Cells were labeled with antibodies against CD34, CD44, CD45, CD73, CD90, CD106, HLA‑DR, and CD105 and analyzed to confirm mesenchymal phenotype.

Immunoblotting and Immunofluorescence

Protein extracts were probed for β‑catenin, integrin β1, collagen II, GSK‑3β, SOX, and β‑actin. Immunofluorescence visualized integrin β1 distribution and F‑actin organization using Alexa Fluor 488 and phalloidin‑Alexa Fluor 573, respectively.

AFM Tip Functionalization

Silicon nitride tips were cleaned, silanized with 1 % 3‑APTES, cross‑linked with glutaraldehyde, and incubated overnight with 1 mg/mL anti‑integrin β1 antibody to generate ligand‑functionalized probes.

AFM Measurements

Cells were fixed with 4 % paraformaldehyde and imaged in PBS. Morphology and surface roughness (Ra, Rq) were quantified from >15 10 µm² images per time point. SMFS was performed in approach–retract mode at 500 nm/s, collecting >400 force curves per experiment (≈ 1,200 total per time point). Binding events were identified by rupture forces >800 pN and a force threshold calibrated to 0.058 ± 0.006 N/m.

RT‑qPCR

RNA was extracted, reverse‑transcribed, and quantified for integrin β1 and GAPDH using SYBR Green chemistry. Relative expression was calculated by the 2^–ΔΔCT method.

Statistics

Experiments were performed in triplicate. Data are presented as mean ± SD. Comparisons used t‑tests or one‑way ANOVA with Bonferroni post‑tests; p < 0.05 was considered significant.

Results and Discussion

hADSC Characterization

Flow cytometry confirmed the mesenchymal phenotype (CD73⁺, CD90⁺, CD105⁺, CD34⁻, CD45⁻). MTT assays demonstrated robust proliferation across passages.
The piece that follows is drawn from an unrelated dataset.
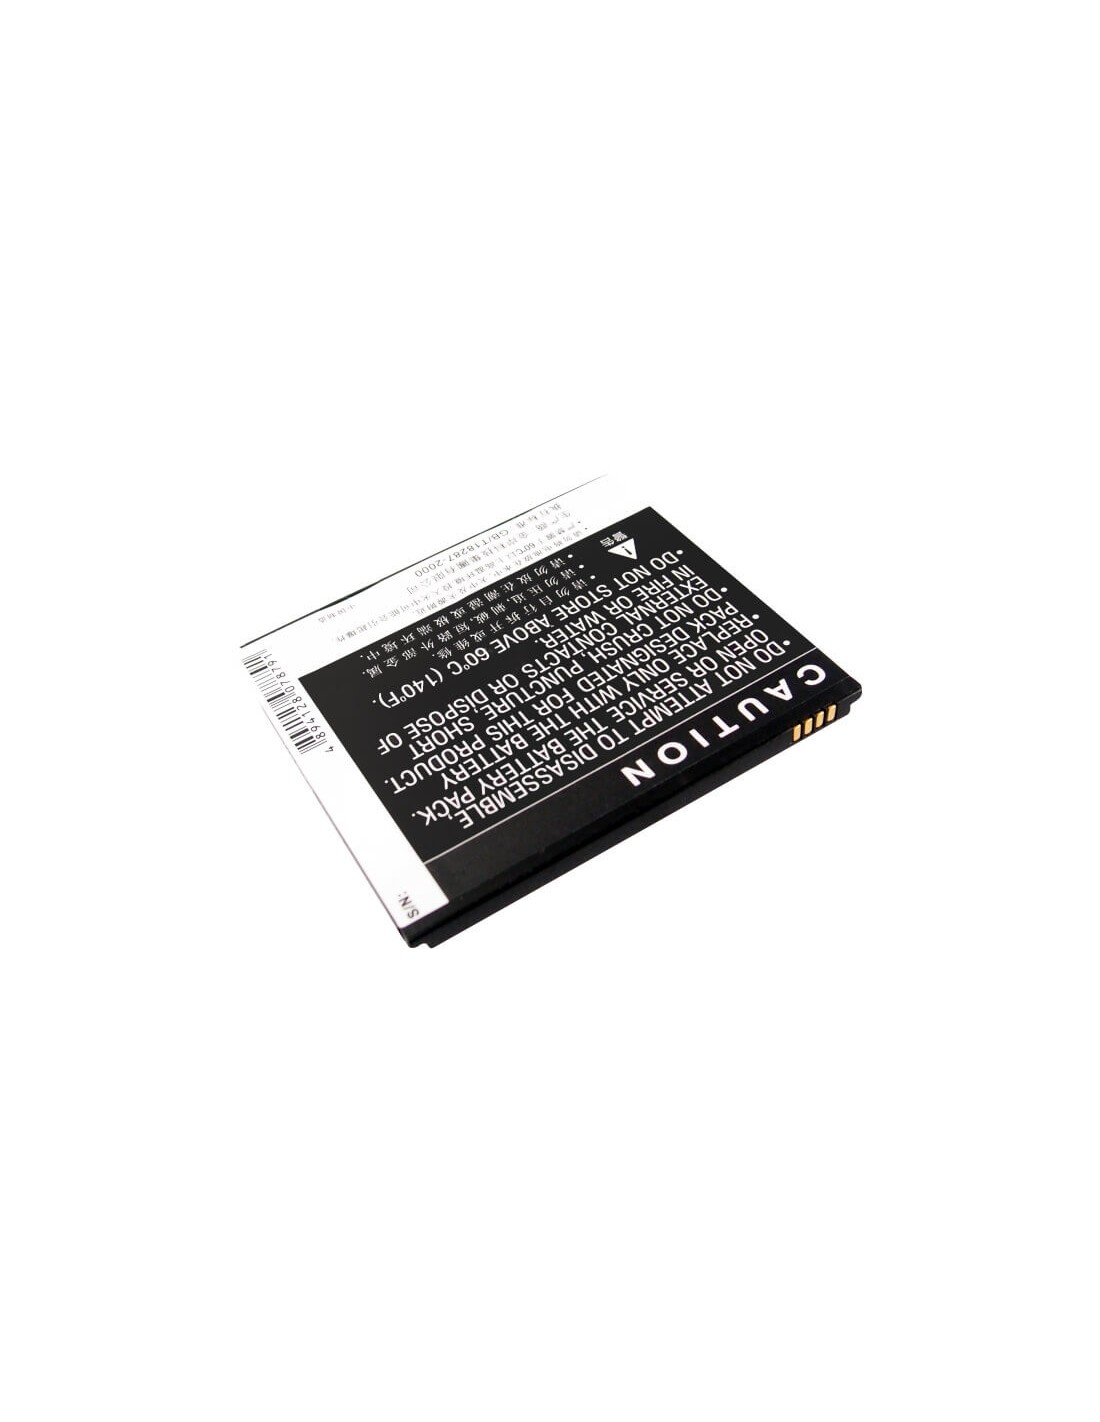 Battery for Lenovo S2005, S2005A 3.7V, 1600mAh - 5.92Wh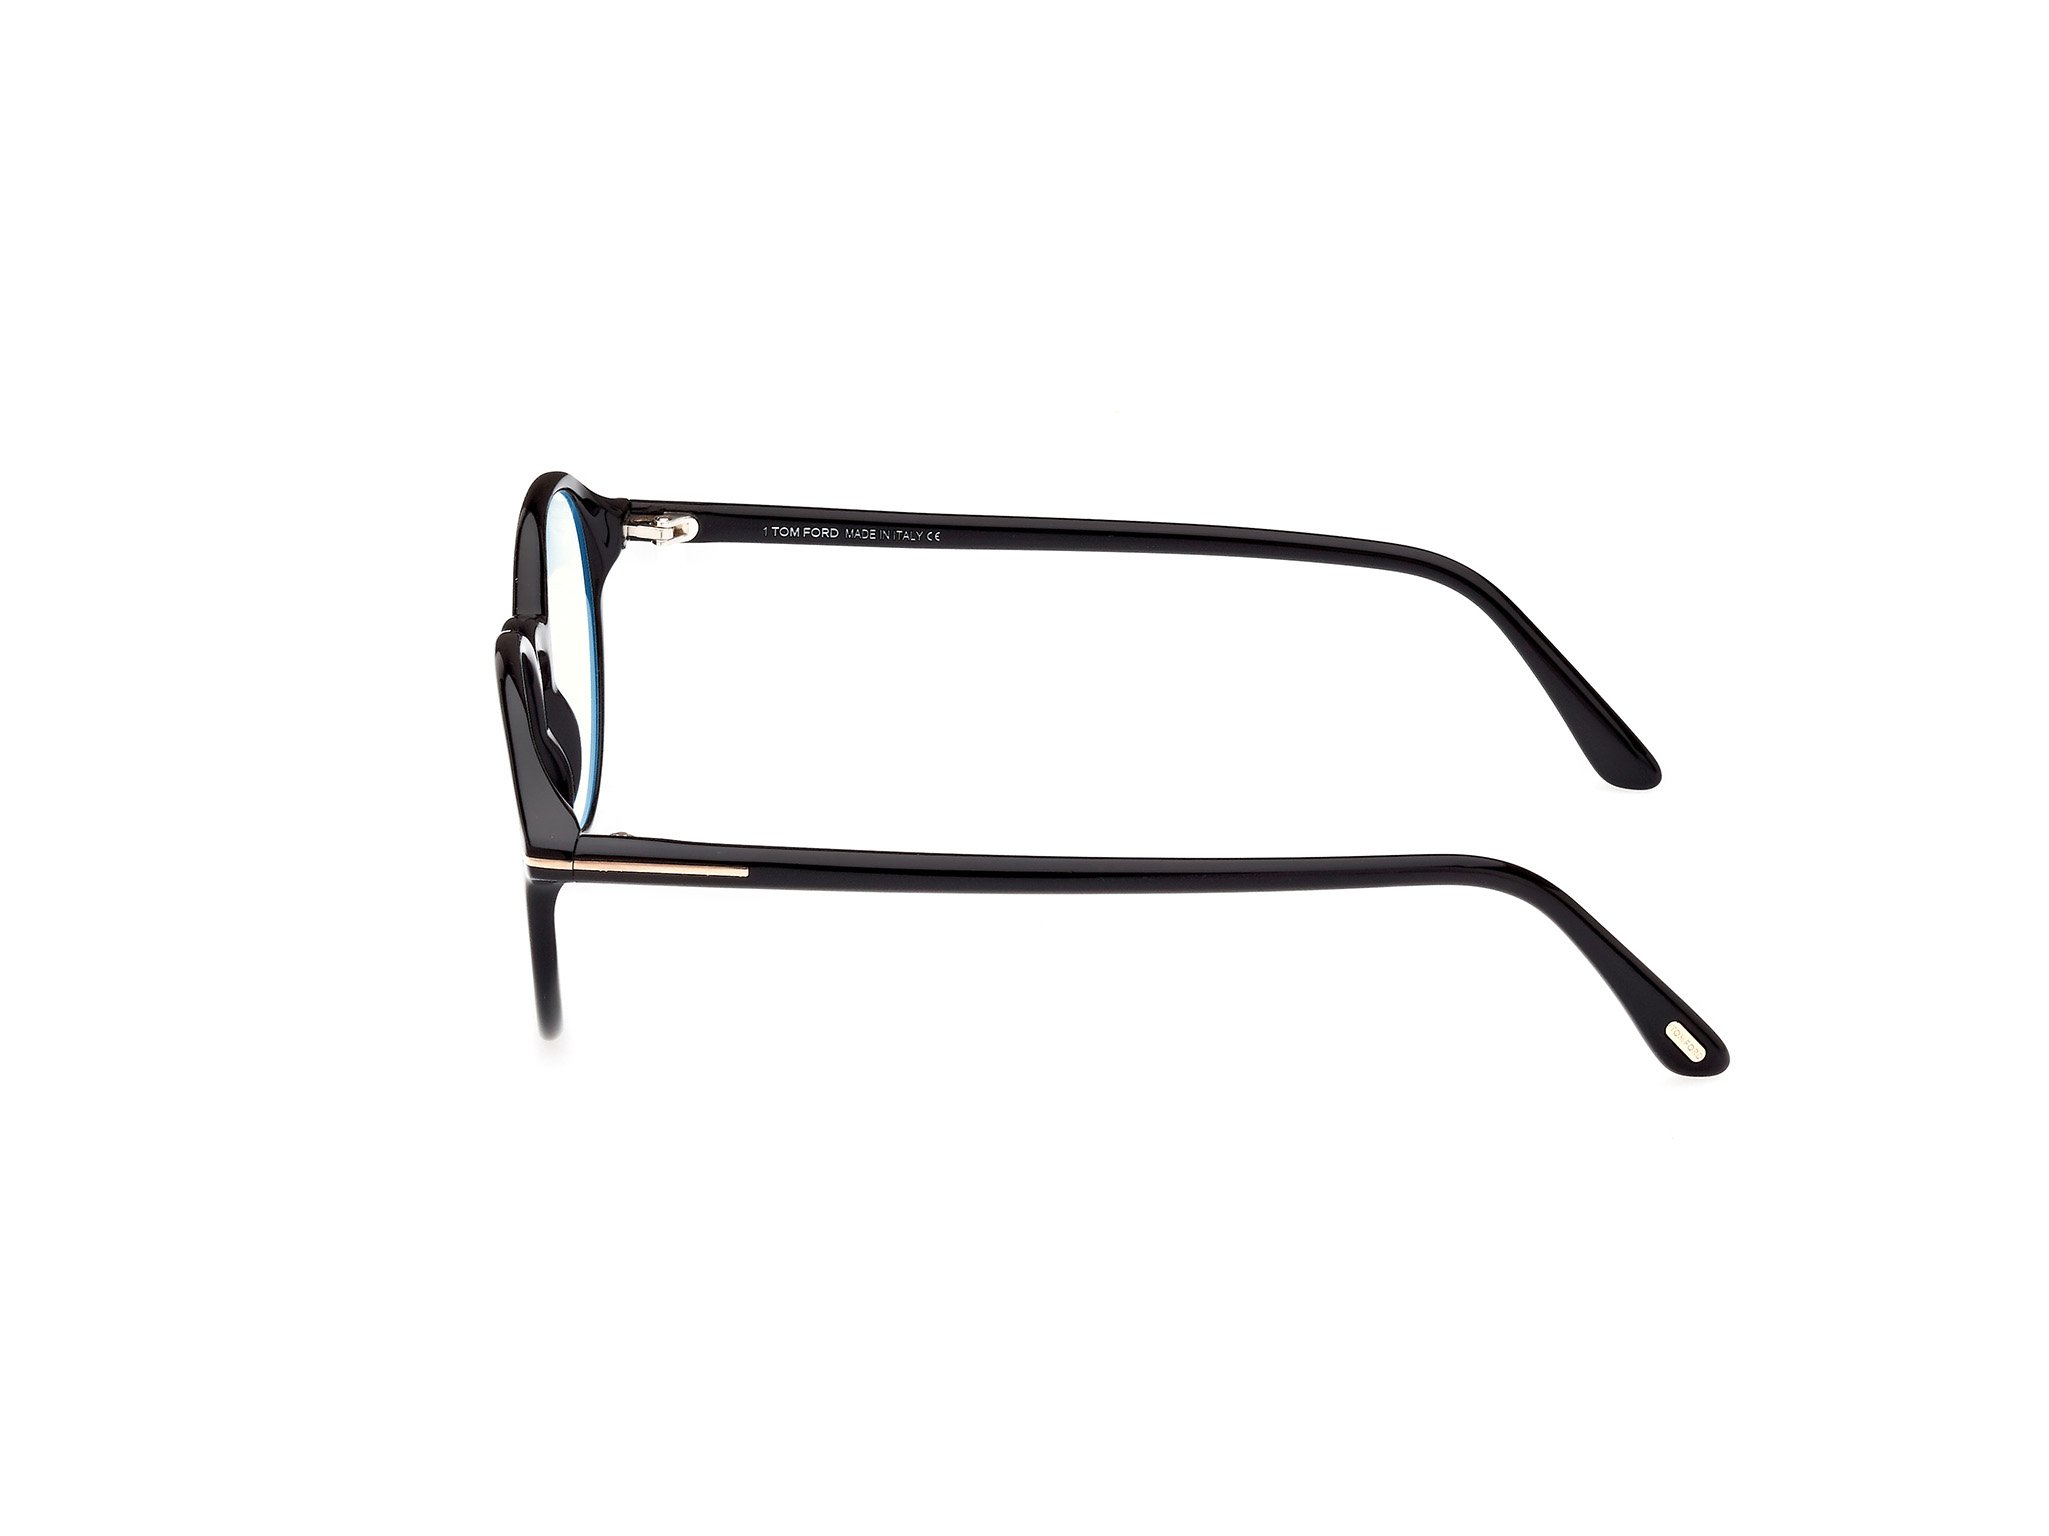 Das Bild zeigt die Korrektionsbrille FT5867-B 001 von der Marke Tom Ford in schwarz.

Morphological and Ultrastructural Shifts During Chondrogenesis

AFM revealed a clear morphological shift from spindle‑like to polygonal cells, with a significant reduction in length/width ratio at days 6 and 12 (p < 0.01). Surface roughness parameters Ra and Rq increased markedly, indicating enhanced membrane heterogeneity likely driven by ECM remodeling.

Cytoskeletal Remodeling

Confocal imaging showed F‑actin reorganization from a longitudinal array to a radial, peripherally‑localized pattern by day 12, reflecting cytoskeletal remodeling associated with chondrogenic commitment.

Integrin β1–CD29 Binding Dynamics

SMFS with integrin β1‑functionalized tips yielded increasing rupture forces and binding probabilities over time (0 % → 33.4 % at 12 days). Blocking experiments with free anti‑integrin β1 antibody reduced force curves by ~90 %, confirming specificity.

Integrin β1 Expression and Signaling

Western blot and qRT‑PCR demonstrated up‑regulation of integrin β1, collagen II, and components of the β‑catenin/SOX pathway during chondrogenesis. Elevated β‑catenin, SOX, and GSK‑3β levels suggest that integrin β1 activates Wnt/β‑catenin signaling to drive cartilage matrix synthesis.

Implications and Limitations

AFM provides a non‑destructive, single‑cell approach to monitor integrin dynamics, morphology, and membrane roughness as real‑time indicators of chondrogenic differentiation. Future studies should investigate integrin conformation and delineate the precise molecular links between integrin β1 and β‑catenin/SOX signaling.

Conclusions

We established AFM as a powerful tool to track integrin β1–CD29 interactions and nanostructural changes during hADSC chondrogenesis. The technique offers kinetic and structural insights that can inform stem‑cell‑based cartilage repair strategies.